I've been away for quite a long time. Actually, I haven't been away at all. I've been writing and revising madly, pondering and contemplating changes and coming up with lots of new ideas. There's something about springtime that always has this effect.
Besides, I'd found myself getting bored with my own blog and that will never do! I needed a break, but here I am, on the first of the month, back on board. Moreover, I have a nice new agent, with a nice new agency, a whole host of new projects, several things on the boil at once, and hope in my heart. And here's a nice new picture of an old source of inspiration for me - the isle of my heart and the setting for a brand new novel, with this time - I hope - the stonking great plot that eluded me for so long. Well, if not a 'stonking great plot' then an interesting plot. Involving, dramatic - and rather sad, too. Or so I'm told.
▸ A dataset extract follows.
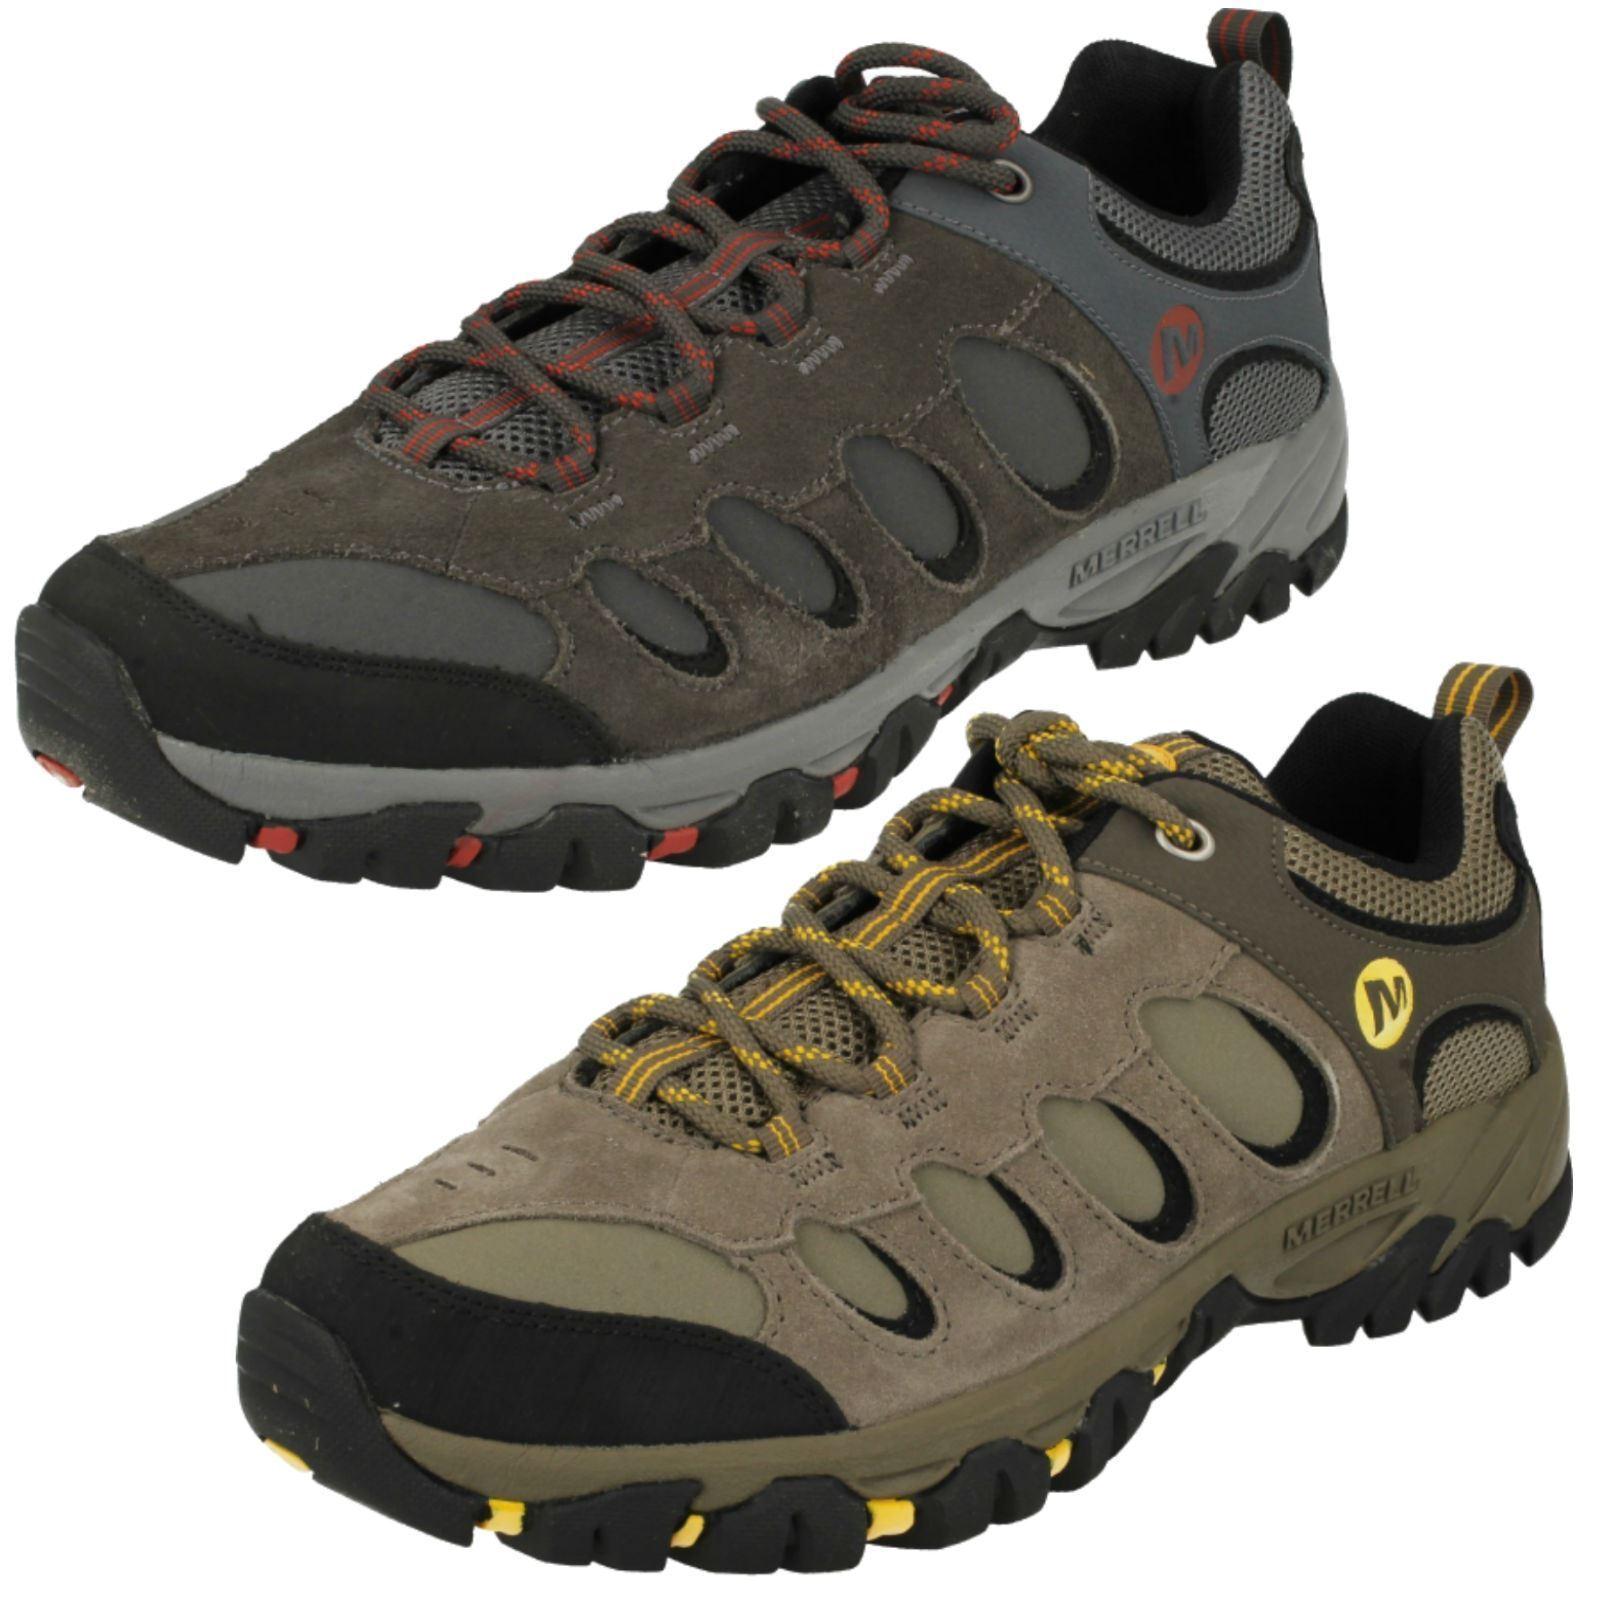 Para HOMBRE MERRELL ridgepass Perno De Cuero Con Cordones Caminar Senderismo Zapatillas Zapatos

Let's hope nice new agent can find a very very nice new publisher to take this one on board.

Random Strange Derivations (1)

There is a (somewhat revolting) expression for perspiring profusely, which is known as 'sweating cobs'. I'm not sure whether it's peculiar to my native county of Yorkshire, but that's where I heard it first. It was only when I was studying Old and Middle English that I learned that the word for spider is 'attecoppe' - meaning 'cup of poison' which is fairly self explanatory.
The word cob is sometimes used for spider in Yorkshire - hence 'sweating cobs' meaning that the droplets are running down, like little spiders! Strange or what?
When I was a child in Yorkshire, we also used to call those floating seeds that sail through the air in late summer 'hairy cobs'. We would blow on them and hope that they would float upwards, chanting 'hairy cob, hairy cob, bring me some luck' - or sometimes 'bring me some money'. I assume that these too were seen as 'hairy spiders'.
Not a lot of people know this! I didn't even know it back then, when I was using the word!